Escaping the Shadow of PompeiiHERCULANEUM, Italy — They are poignant snapshots of sudden death: huddled clusters of skeletal remains in what were once beachfront warehouses, immortalized for eternity when Mount Vesuvius smothered this ancient Roman town in A.D. 79.
"They died of thermal shock as they were waiting to be saved via the sea,” Domenico Camardo, an archaeologist, said recently as he surveyed dozens of modern-day skeletal casts of long-ago denizens. They carried with them jewelry, coins, even “20 keys, because they were hoping to return home,” Mr. Camardo added. “They didn’t understand that it was all about to end.”
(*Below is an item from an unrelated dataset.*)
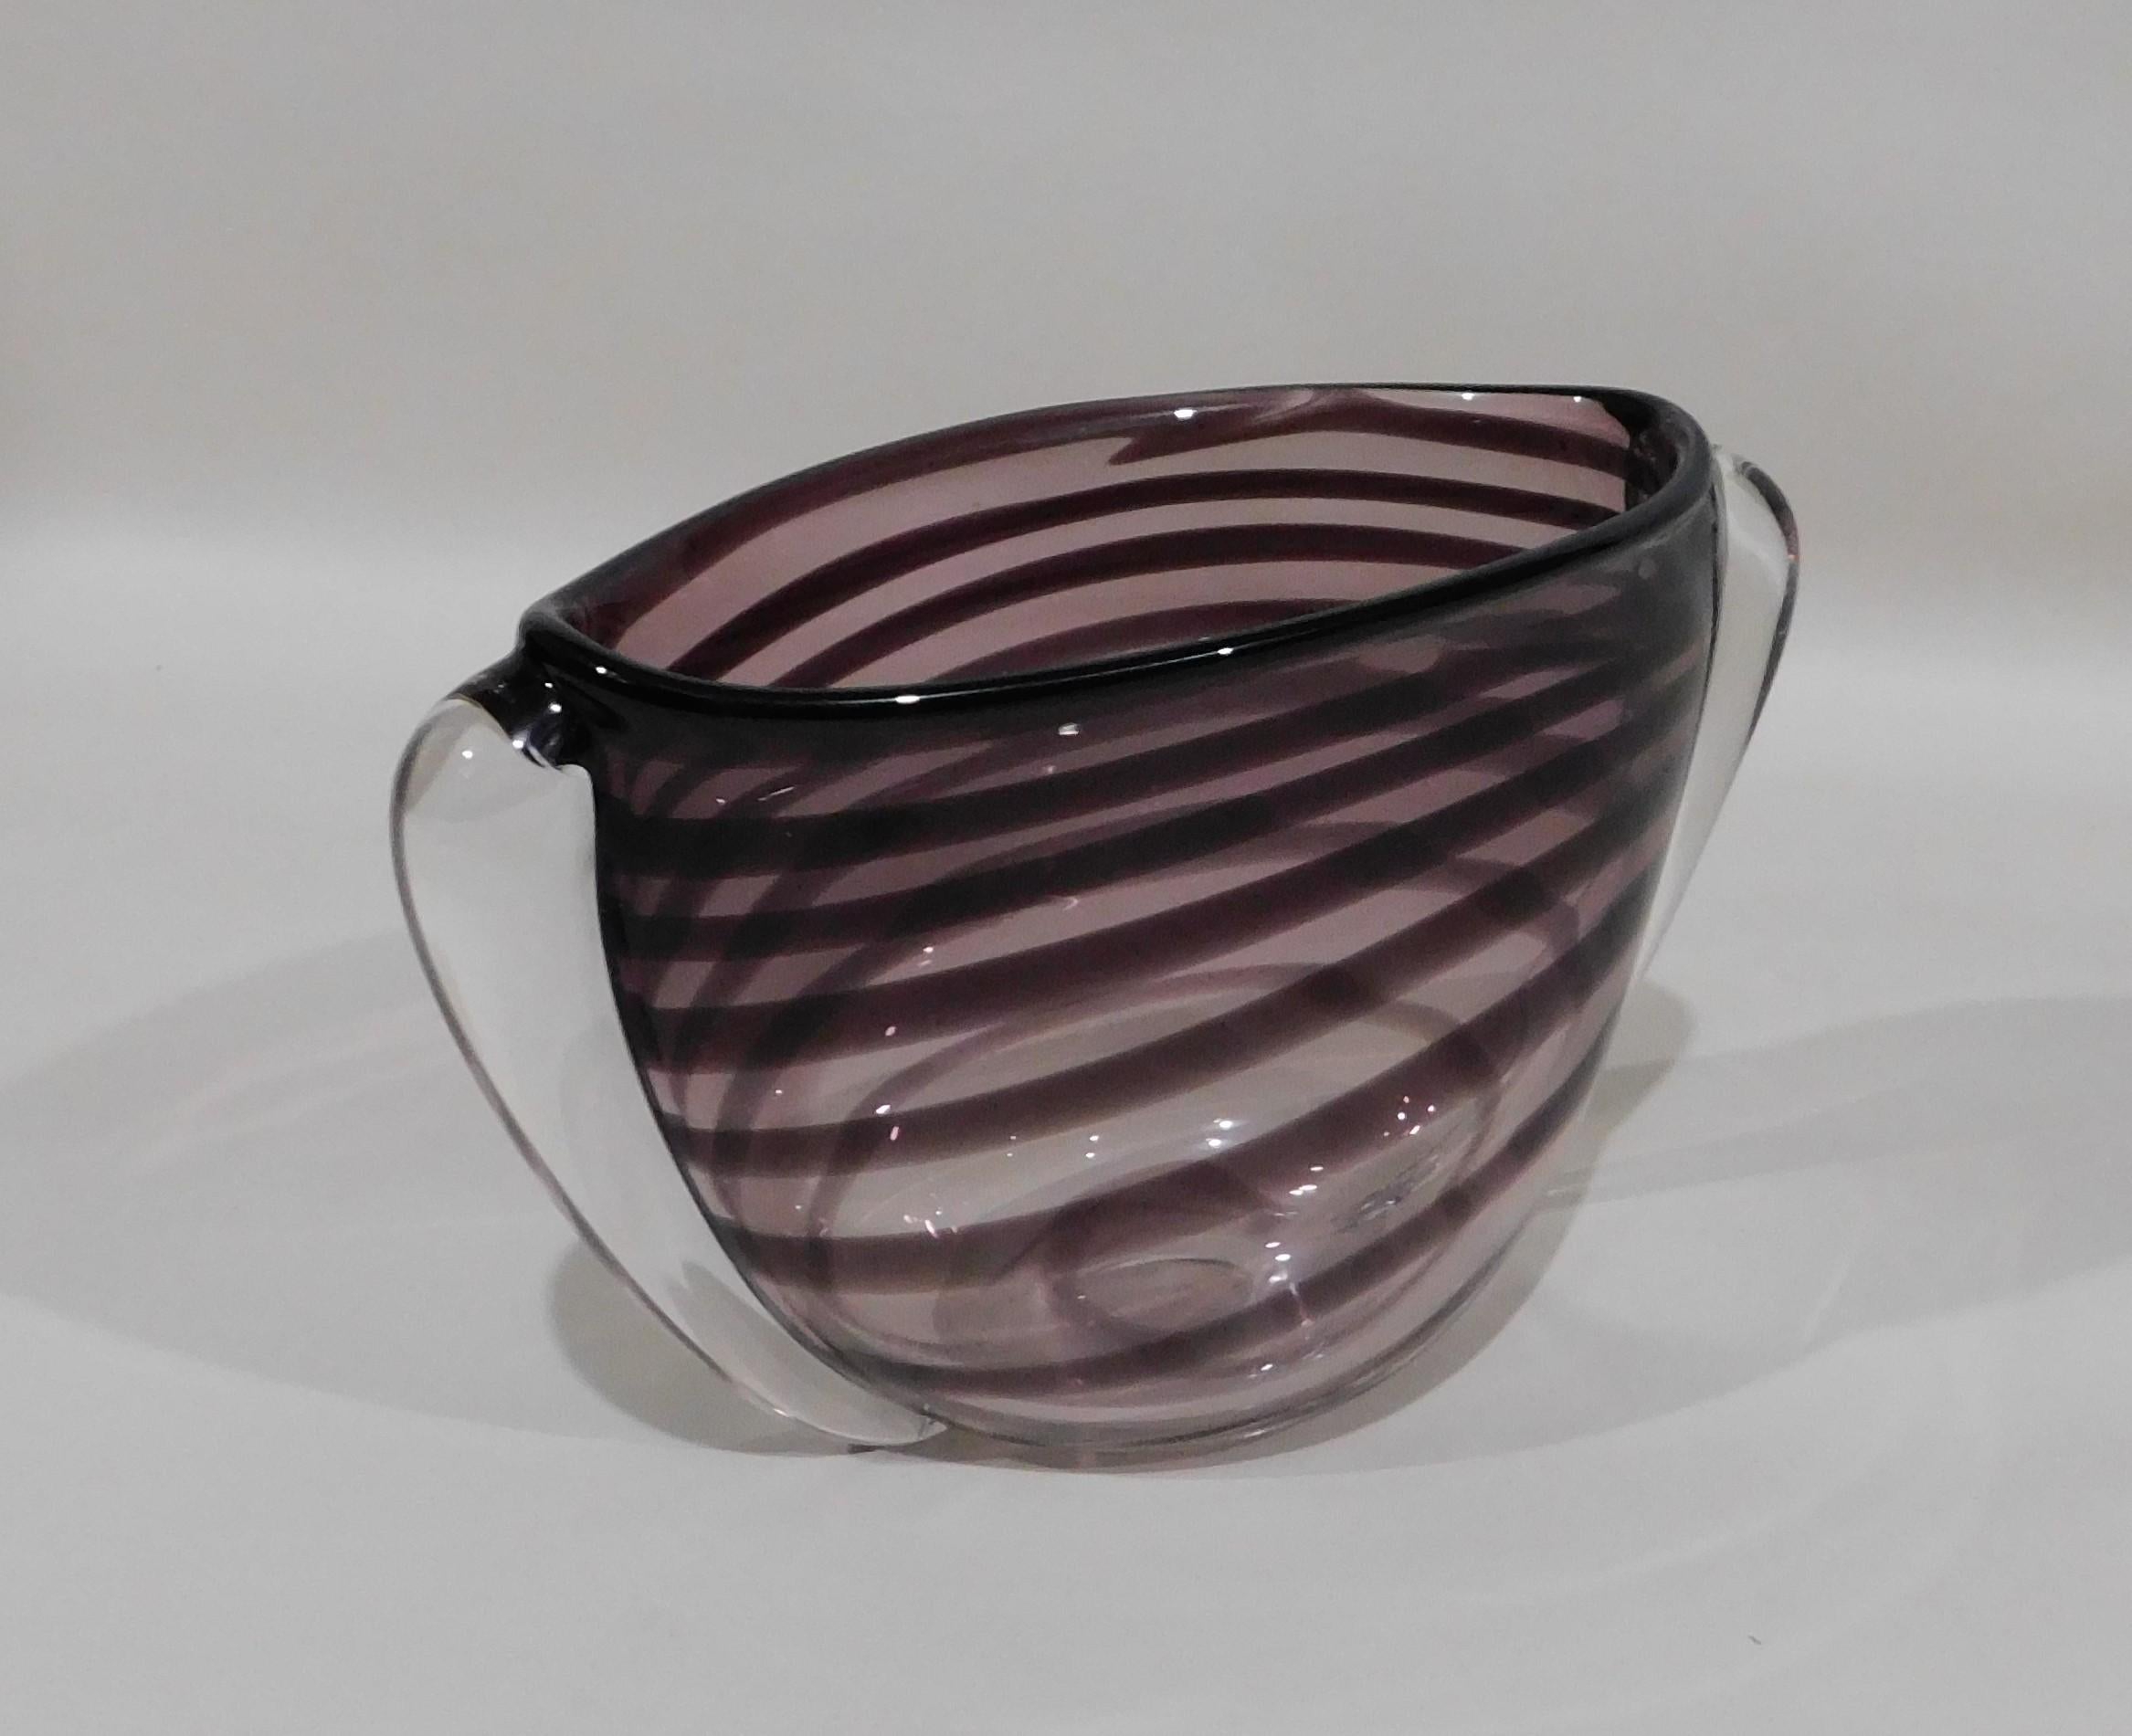 Royal Dutch Leerdam Art Glass Vase Unica Floris Meydam Design 1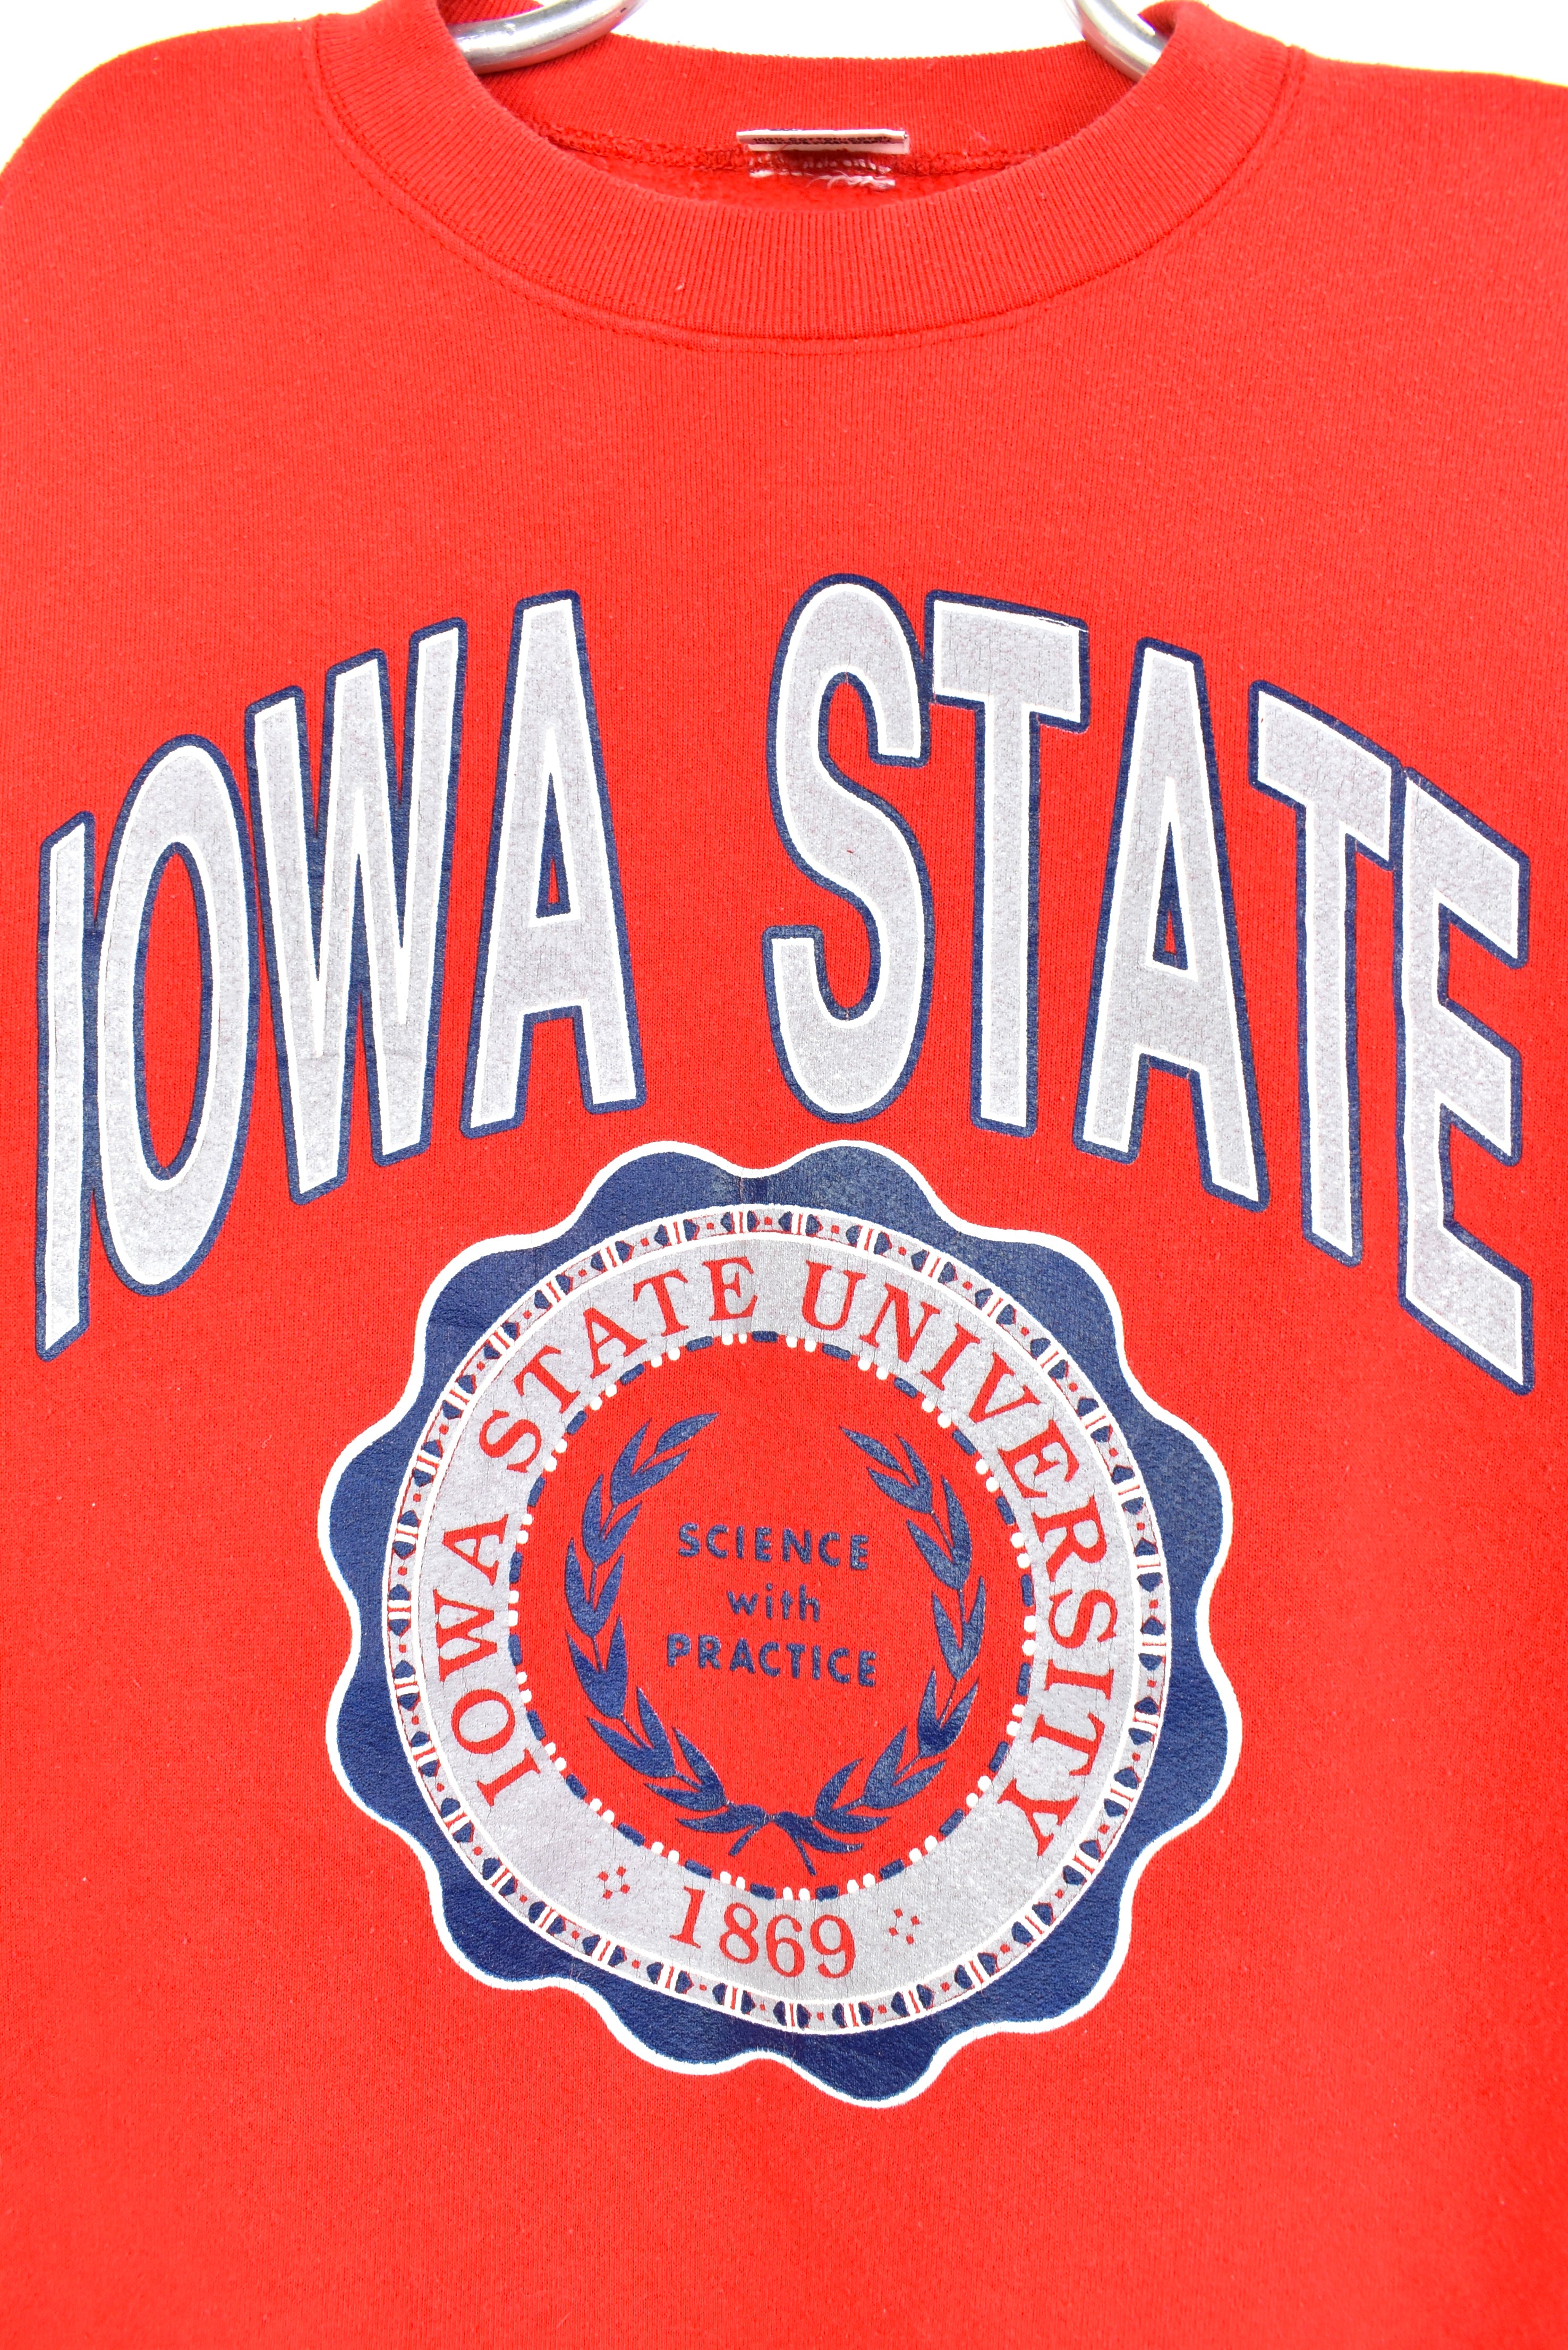 Vintage Iowa State University red sweatshirt | Large COLLEGE

First excavated by archaeologists some 30 years ago, the warehouses were recently outfitted with walkways and gates to provide access to these chilling tableaus and will soon be open to the public on special occasions.
Reviving history for a modern audience “is one of the beautiful things we get to do,” said Mr. Camardo, the lead archaeologist with the Herculaneum Conservation Project, a joint initiative of the Packard Humanities Institute, of Los Altos, Calif.; the local artistic heritage authority; and the British School at Rome. The project, an unusual public-private venture, has effectively managed the site for more than a decade and made it possible to complete tasks like the walkways to the skeleton casts.
Compared with its better-known Vesuvian neighbor, Pompeii, where local officials, constrained by inadequate and mismanaged government funds, have long struggled in their efforts to conserve and protect the sprawling open-air site — and even to prevent the periodic and well publicized collapse of walls — Herculaneum has become a textbook case of successful archaeological conservation.